Assuming, arguendo, that the "Citation" in this case contained substantive defects, the appellant would not have been entitled to a dismissal of the Motor Vehicle Code violation (speeding) for several reasons.

First, the proceeding below was a trial de novo before the Court of Common Pleas of Allegheny County. "De novo review entails, as the term suggests, full consideration of the case anew. The reviewing body is in effect substituted for the prior decision maker and redecides the case. The reviewing court may not, however, change the statutory law under which the original decision was made." Commonwealth v. Virnelson, 212 Pa. Super. 359, 367, 243 A.2d 464, 469 (1968). Accord Commonwealth v. Krut, 311 Pa. Super. 64, 457 A.2d 114 (1983); Commonwealth v. Kyle, 307 Pa. Super. 446, 453 A.2d 668 (1982); Commonwealth v. Koch, 288 Pa. Super. 290, 431 A.2d 1052 (1981); Pa.R.Crim.P. 67(f).

Second, the instant case is not concerned with a point system suspension under Section 1538(a) of the Motor Vehicle Code.*fn5 75 Pa.C.S.A. § 1538(a).

[ 319 Pa. Super. Page 405]

Third, because of the nature of the de novo trial, the Court of Common Pleas of Allegheny County was not reviewing the District Justice's summary conviction of the appellant. Rather, the trial judge was to determine whether a violation had taken place under 75 Pa.C.S.A. § 3362, the provision with which appellant was charged with contravening. See Commonwealth of Pa., Depart. of Trans., Bureau of Traffic Safety v. Mislivets, 12 Pa. Commw. 59, 315 A.2d 307 (1974).

Keeping the aforesaid in mind, we find that what was said by the Commonwealth Court in Civitello v. Commonwealth of Pa., Depart. of Trans., Bureau of Traffic Safety, 11 Pa. Commw. 551, 315 A.2d 666 (1974), in dealing with a situation similar to the one confronting us now, to be germane to the manner in which we dispose of the case sub judice; viz.:

The appellant here has raised three issues, none of which are persuasive. First, he asserts that his license was not subject to suspension because no proper report of conviction was transmitted by the justice of the peace. This not being a point-system suspension [case] under the provisions of Section 619.1 of The Vehicle Code, 75 P.S. § 619.1, [ repealed by the Act of June 17, 1976, P.L. 162, § 7; reenacted at 75 Pa.C.S.A. § 1531 et seq.,] and the appellant being entitled to and receiving a hearing de novo before the Court of Common Pleas of Chester County, the propriety of the magistrate's conviction report is of no moment nor is it entitled to any consideration by the court below or this Court on review.

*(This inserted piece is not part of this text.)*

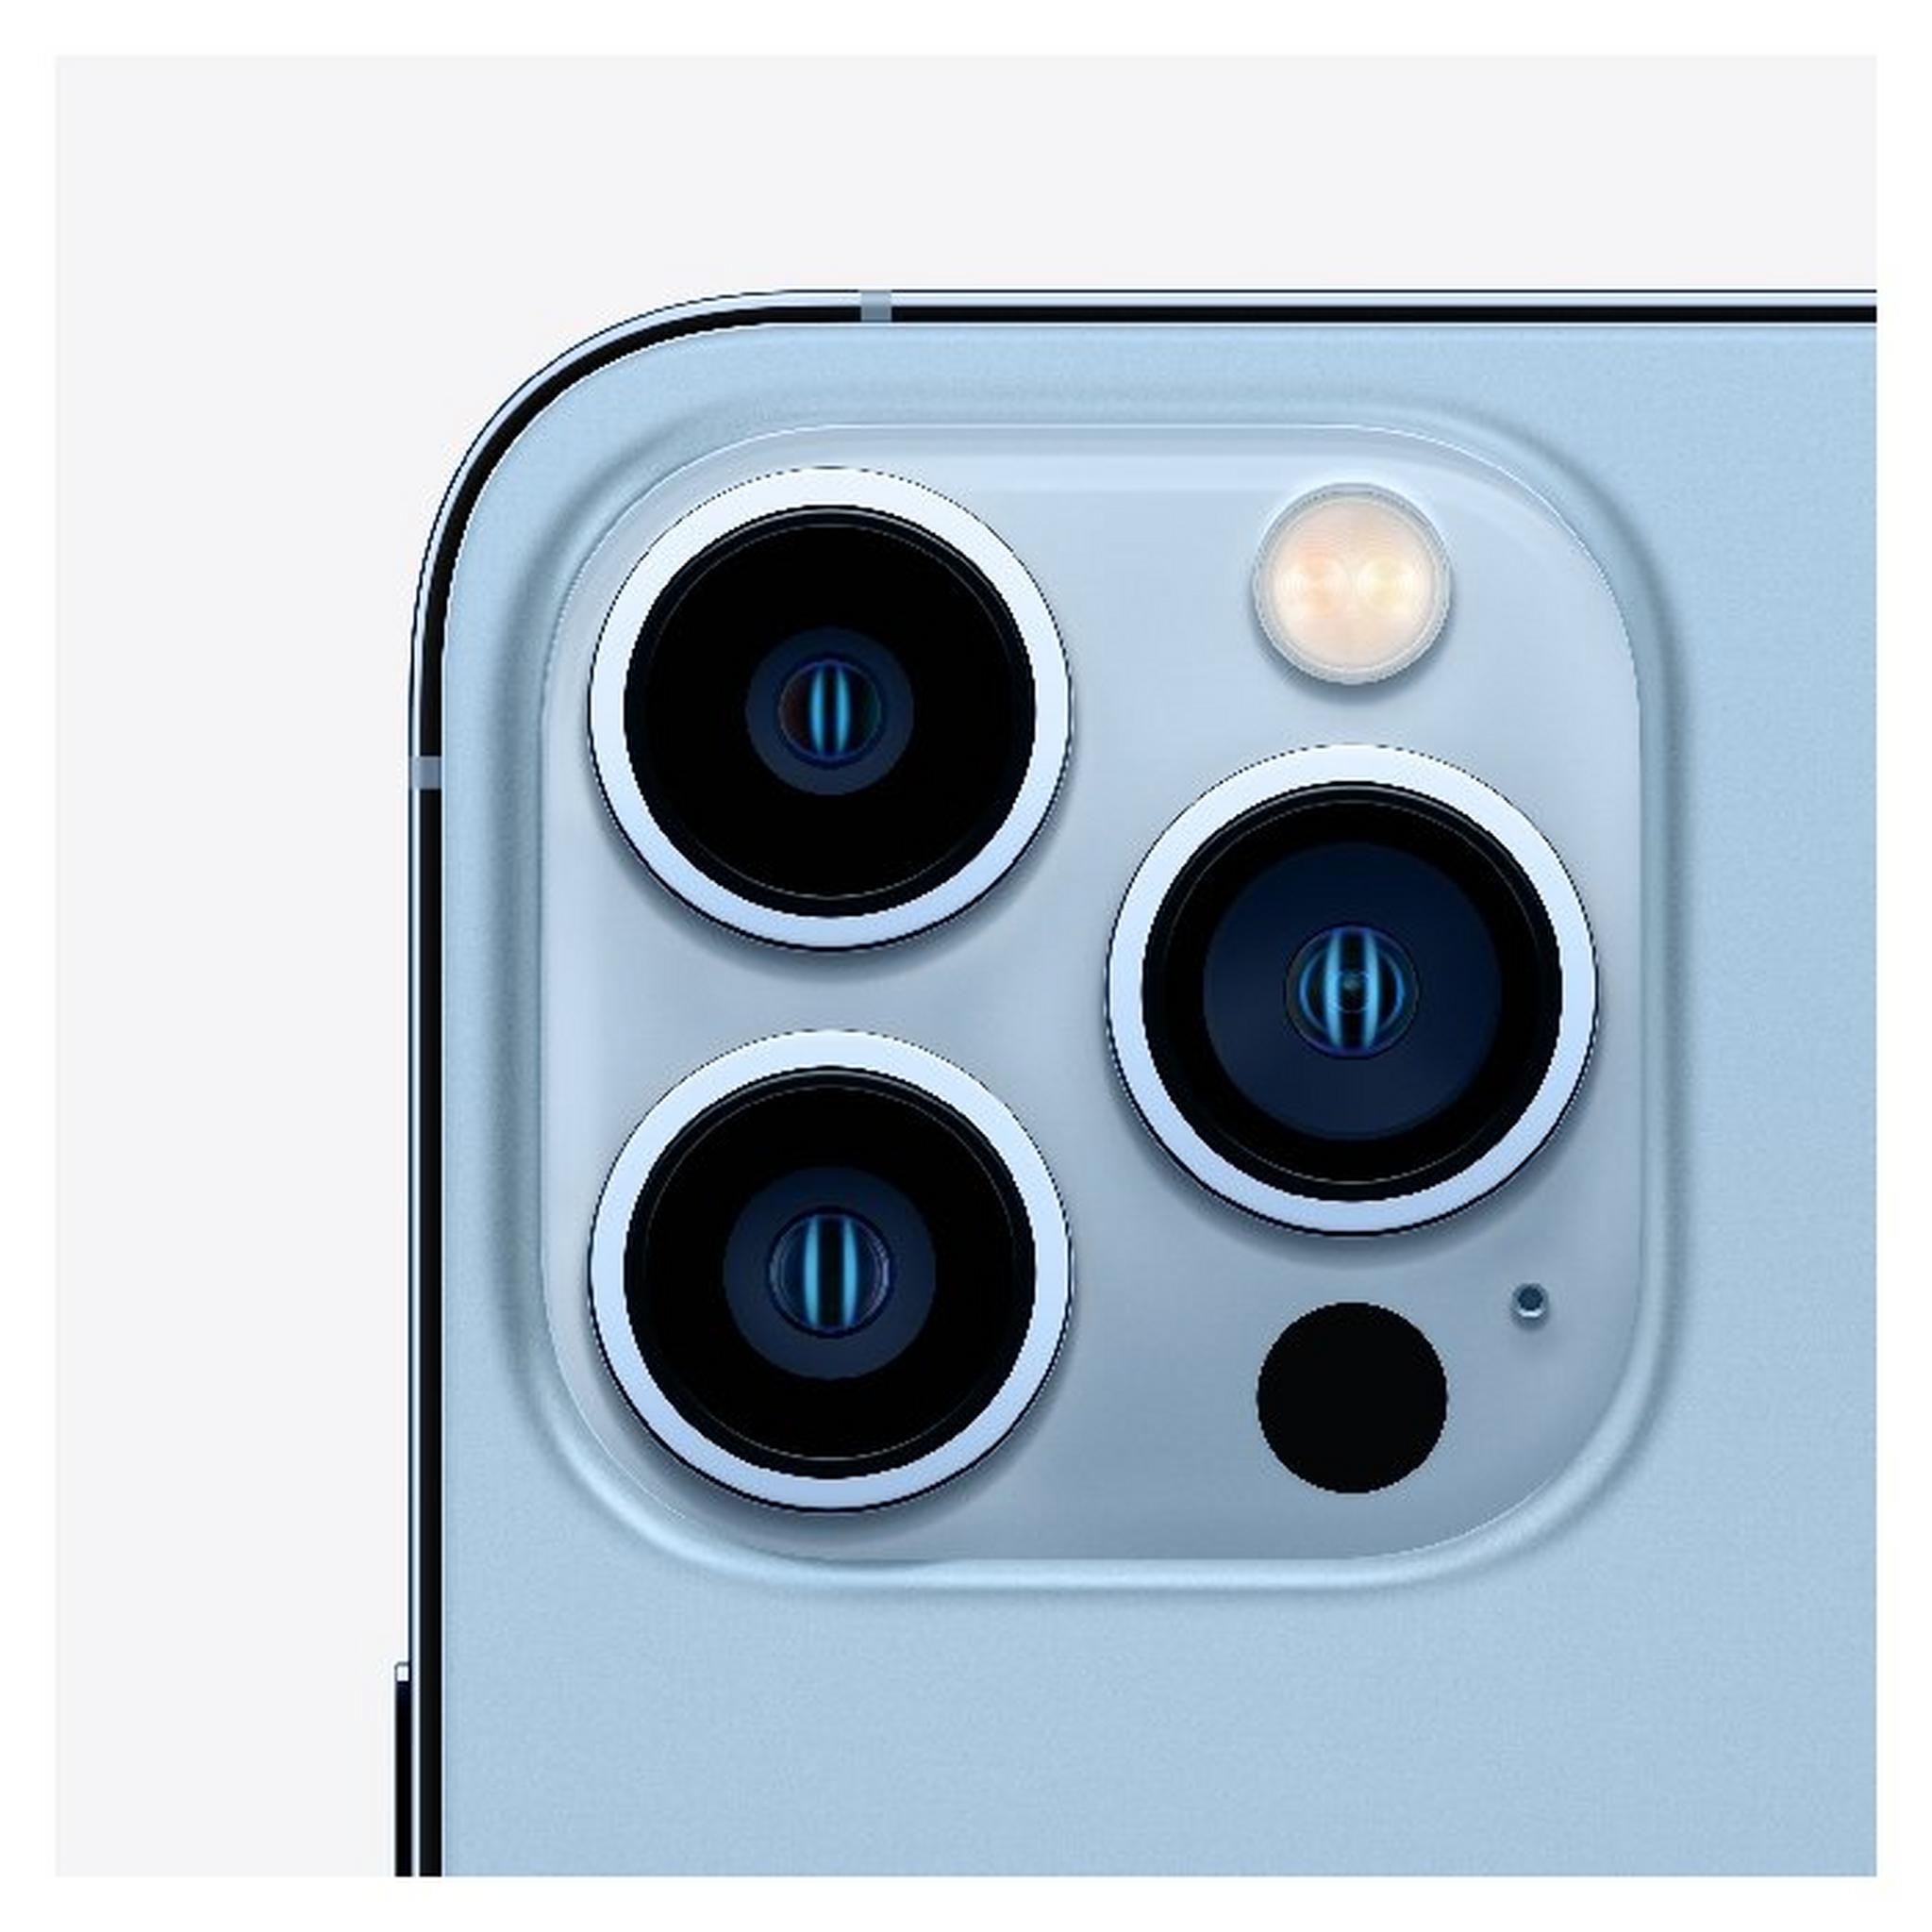 Apple iPhone 13 Pro Max 512GB - Sierra Blue

Next, appellant contends that the Commonwealth failed to sustain its burden of proof at the hearing de novo because the magistrate's report of conviction was offered but not admitted into evidence. An examination of the record will disclose that the report was not admitted into evidence but, as we have noted, the testimony of the

[ 319 Pa. Super. Page 406]

    arresting officer provided sufficient evidence to show that appellant had committed the offense of speeding. Accordingly, the record does disclose that the Commonwealth did sustain its burden of proof at the hearing de novo.

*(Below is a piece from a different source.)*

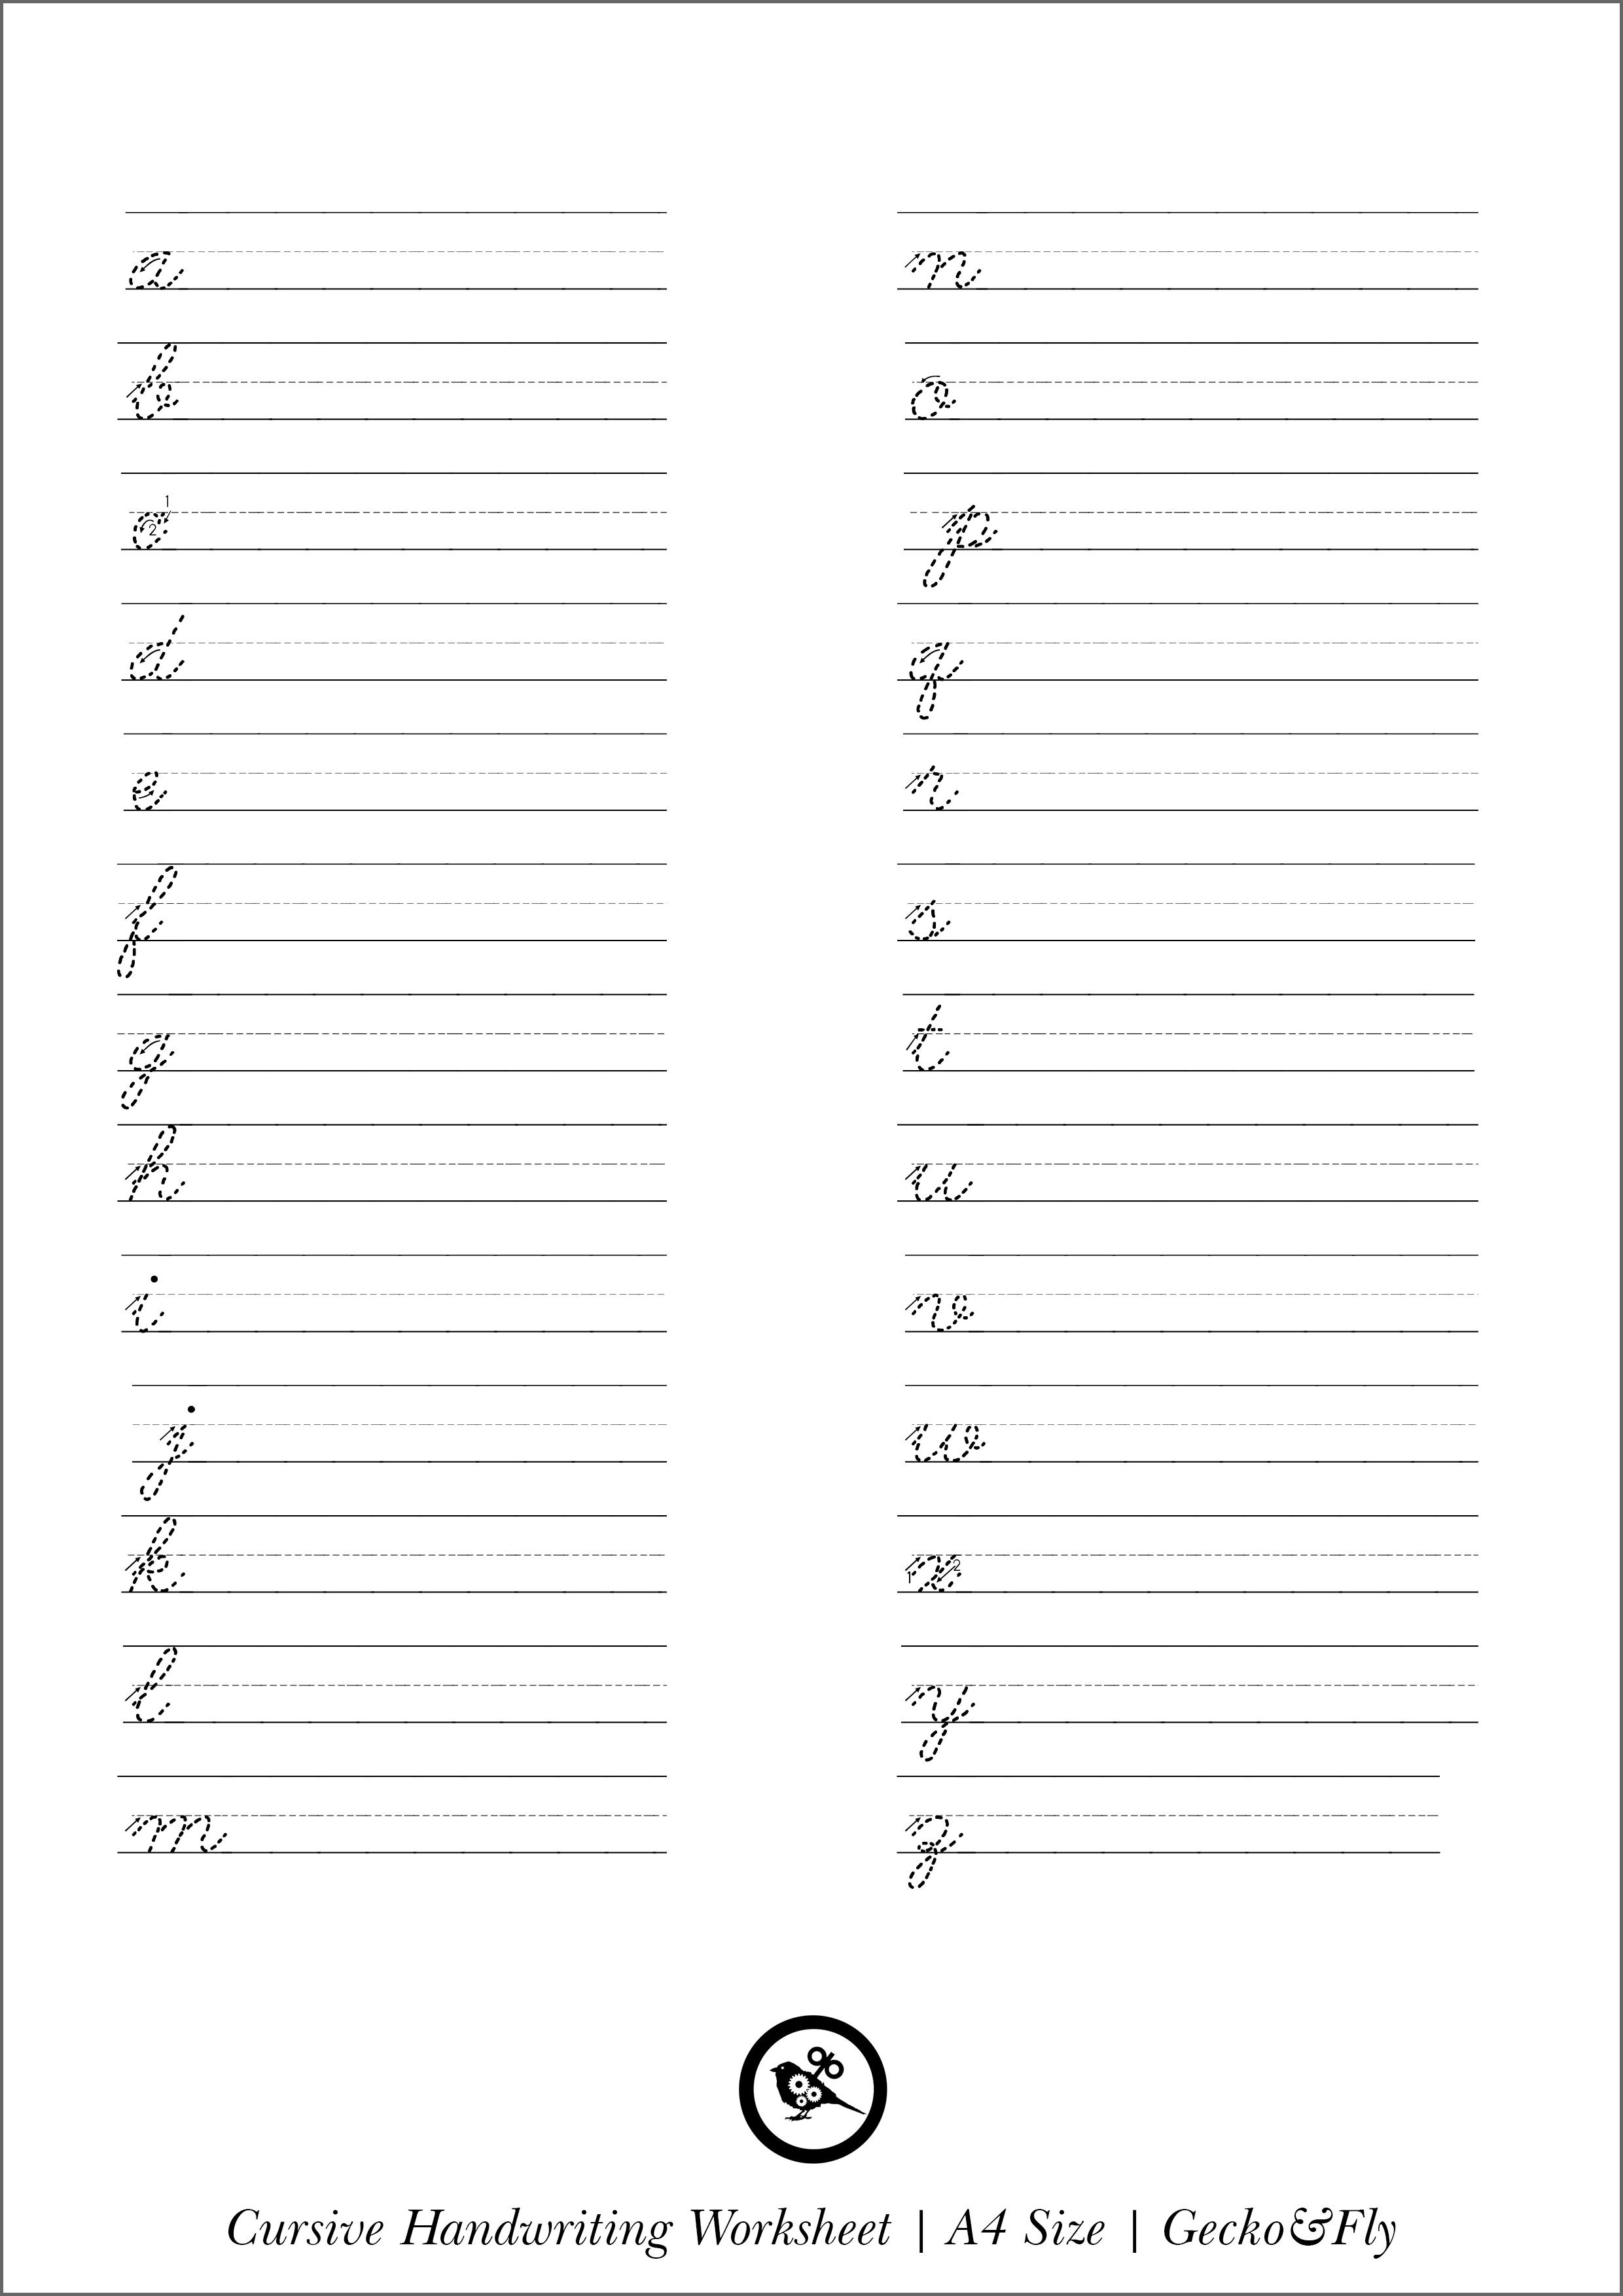 printable-cursive-handwriting-worksheets

Id., 11 Pa. Commw. at 554-555, 315 A.2d at 668.

Instantly, as in Civitello, we are dealing with a hearing de novo before a court of common pleas from a magistrate's summary conviction of a traffic violation, in which a point-system suspension is not involved. A fortiori, in compliance with Civiletto, this Court need not consider the propriety of the District Justice's conviction report ("Certification of Disposition") in deciding whether to affirm the trial court's decision. We need only look to the evidence adduced at the hearing.

Since the admissibility of the results of the speed timing device utilized by Trooper Formichella in "clocking" the appellant traveling at 80 miles per hour is inextricably tied to the sufficiency of the evidence question, we must, initially, respond to the last of appellant's claims. That is, "[i]t is submitted by the Appellant that the document which was sought to be introduced and which was allowed to be introduced into evidence over the objection of the Appellant was non-authenticated for the reason that it contained no date as to the execution thereof and, the Commonwealth did not bring in the party who executed same to verify the date of execution." (Appellant's Brief at 14)

An examination of the statutory and case law on the subject of authentication of speed timing devices, when aligned against the record at bar, exposes the folly of appellant's argument. For example, in subsection (d) of Section 3368, captioned "Speed timing devices," the Legislature promulgated the following criteria for the approval and testing of devices used to gauge the rate of speed of all vehicles on any Commonwealth highway by a police officer:

All mechanical, electrical or electronic devices shall be of a type approved by the department [of transportation of the Commonwealth], which shall appoint stations for calibrating

[ 319 Pa. Super. Page 407]

    and testing the devices and may prescribe regulations as to the manner in which calibrations and tests shall be made. The devices shall have been tested for accuracy within a period of 60 days prior to the alleged violation. A certificate from the station showing that the calibration and test were made within the required period, and that the device was accurate, shall be competent and prima facie evidence of those facts in every proceeding in which a violation of this title is charged. 75 Pa.C.S.A. § 3368(d).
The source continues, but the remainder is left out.